▶ _Work order_:
Word for word, reproduce each line of the data below, omitting every image.

▶ _Data provided_:
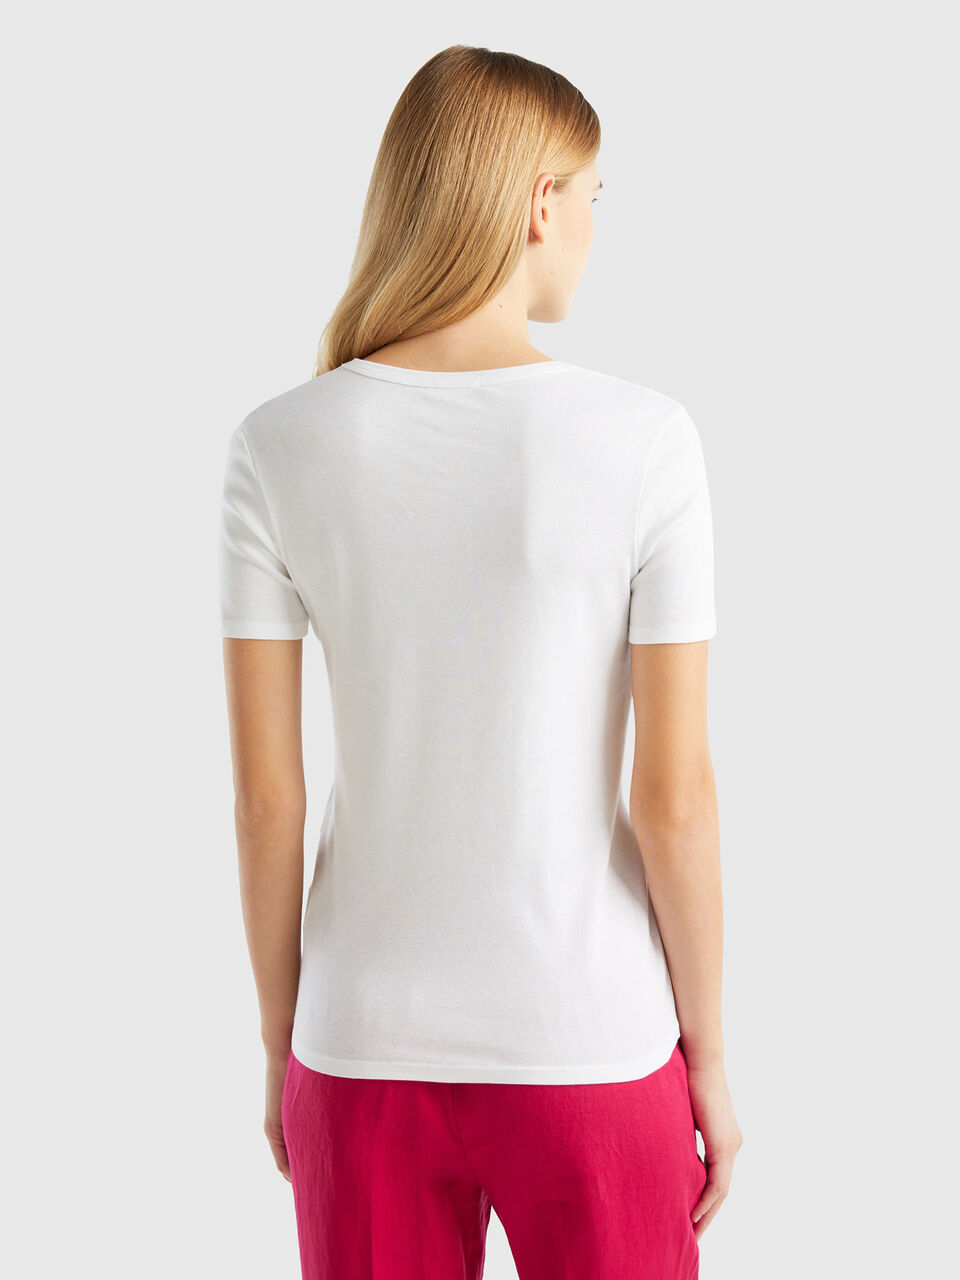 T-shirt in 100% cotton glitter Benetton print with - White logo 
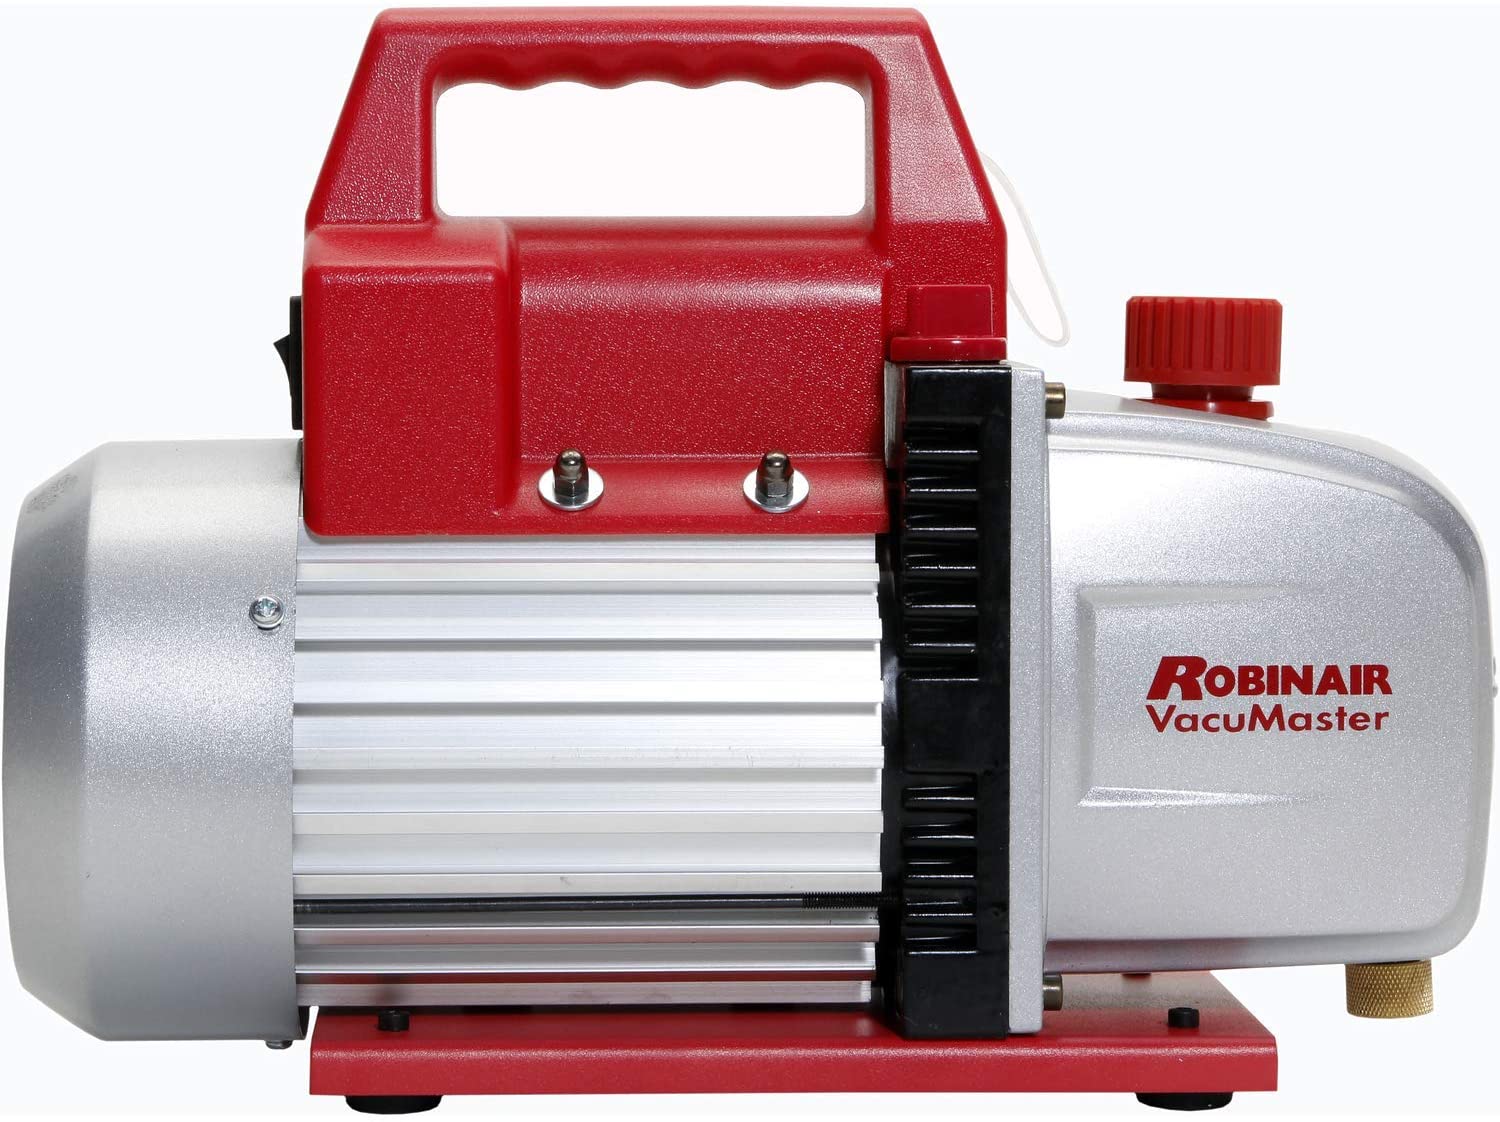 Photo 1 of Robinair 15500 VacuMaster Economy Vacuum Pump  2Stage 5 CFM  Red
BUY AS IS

▶ _Reply_:
 T-shirt in 100% cotton glitter Benetton print with - White logo 
 Photo 1 of Robinair 15500 VacuMaster Economy Vacuum Pump  2Stage 5 CFM  Red
BUY AS IS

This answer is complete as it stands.